その司令官は、コレットとほぼ同年齢であった。
戦術用兵士官は、士官学校では一般士官の教義の後に、さらに三年ほどの専攻科目がある。三年先に学校を卒業して軍務についていたコレットの方が軍歴は長いから、通常の軍務にあれば、階級はコレットの方が上のはずだった。
しかし目の前にいる人物は、一年も経たない間に目覚ましい戦績を上げて中佐にまで昇進していた。
同盟軍には珍しく深緑色の瞳と褐色の髪が畏敬を誘う。
その姿は威風堂々として、まったく隙がなかった。今この瞬間、腰のブラスターを引き抜いて突きつけても、その動作よりも早く机の引き出しから、銃を取り出して反撃してくるだろう。そこに銃があればだが……。
というよりも、目の前の人物が敵意を持っているかどうかを、瞬時に判断できる眼識を持っているように感じた。そう思う感覚は、これまでの彼の戦歴が物語ってくれるだろう。
両手の指を互い違いに組んで机の上に置き、もの静かに微笑んでいる。
それが、独立遊撃艦隊司令官、アレックス・ランドール中佐。その人であった。
そのデスクの側に、副官のパトリシア・ウィンザー中尉が立っている。
中佐は艦隊の最高責任者ではあるが、コレットの属する情報部特務捜査科は、その権限の及ばない部課であった。いわば行政と司法の分権にあたる。

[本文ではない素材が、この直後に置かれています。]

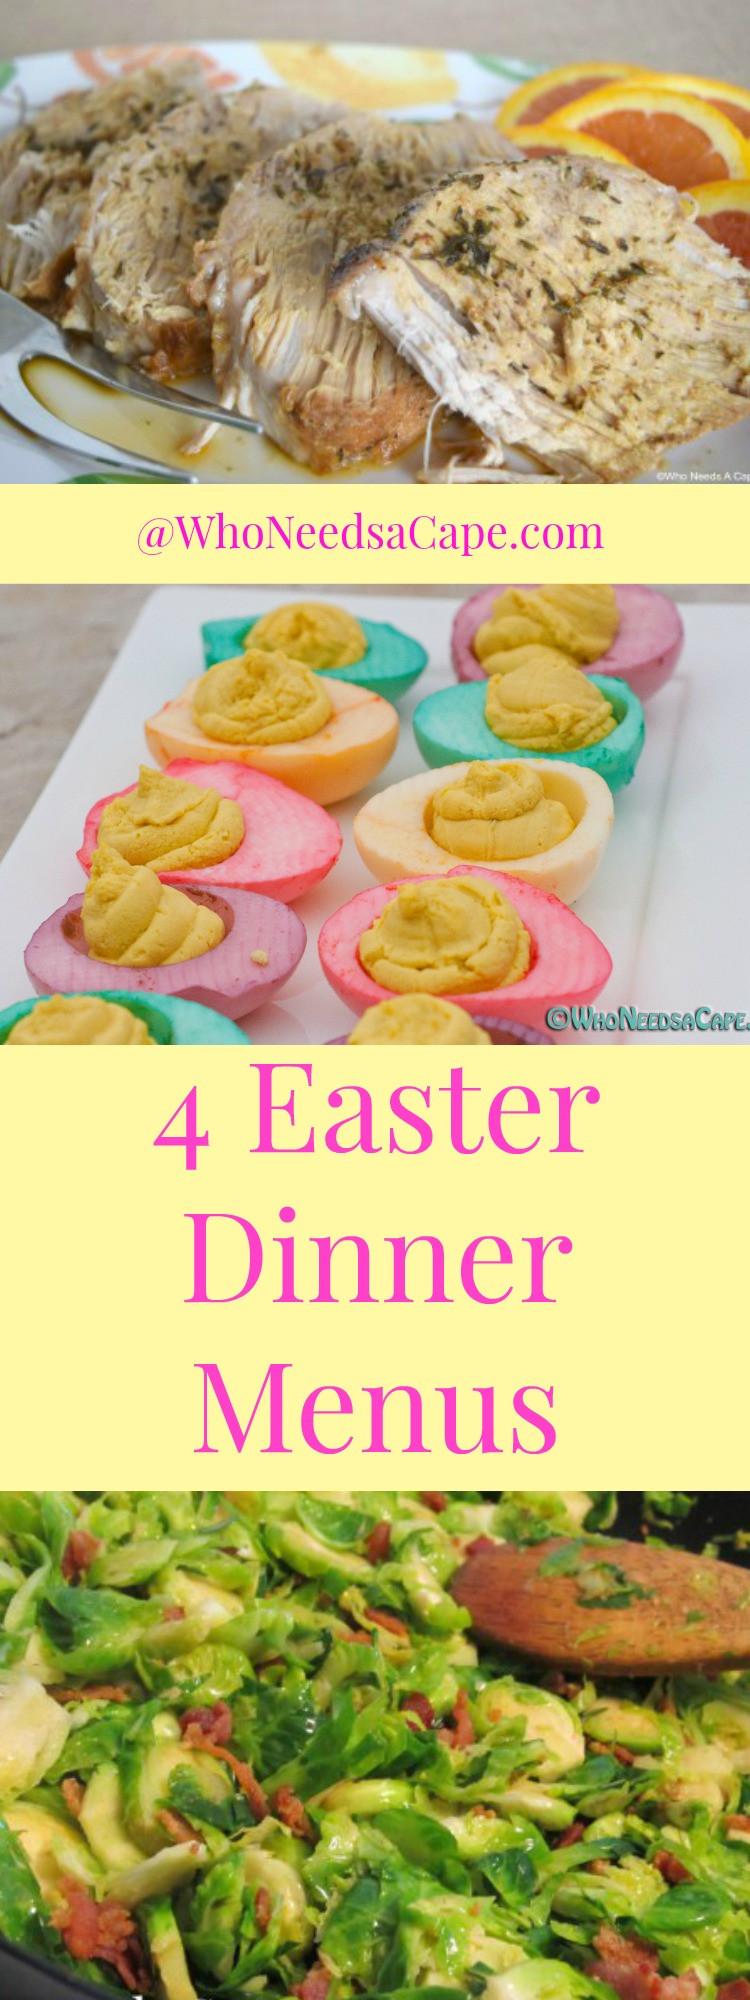 Easter Dinner Menu  Easter Dinner Menus Who Needs A Cape

「コレット・サブリナ中尉であります。この度のアスレチックジムにおける事故捜査を担当することになりました」
「ああ、ウィング大尉から聞いているよ。早速いろいろと捜査をはじめているようだね。それで、事故か殺人かわかったかね」
「まだ、はじめたばかりですから……。結論を出すには、まだ早急すぎます」
「そうか……。ここに検屍報告書のコピーが届いている。渡しておこう。必要なことがあれば何でもいいたまえ、出来る範囲で協力しよう」
「ありがとうございます。つきましては犯罪捜査特務権にあります、乗員名簿の閲覧と居住区の自由通行の許可をお願いします」
と言って、コレットは検屍報告書を受け取り、自分のIDカードを差し出した。
「ああ、わかっている」
アレックスは端末に自分のIDカードを差し込んで閲覧コードを開いてから、別のカード挿入口にコレットのIDカードを差し込んで、閲覧コードをコピーし、さらに通行許可を与える暗号コードを入力して、IDカードを返した。それによってコレットのIDカードで乗員名簿の閲覧と通行許可が可能になるのである。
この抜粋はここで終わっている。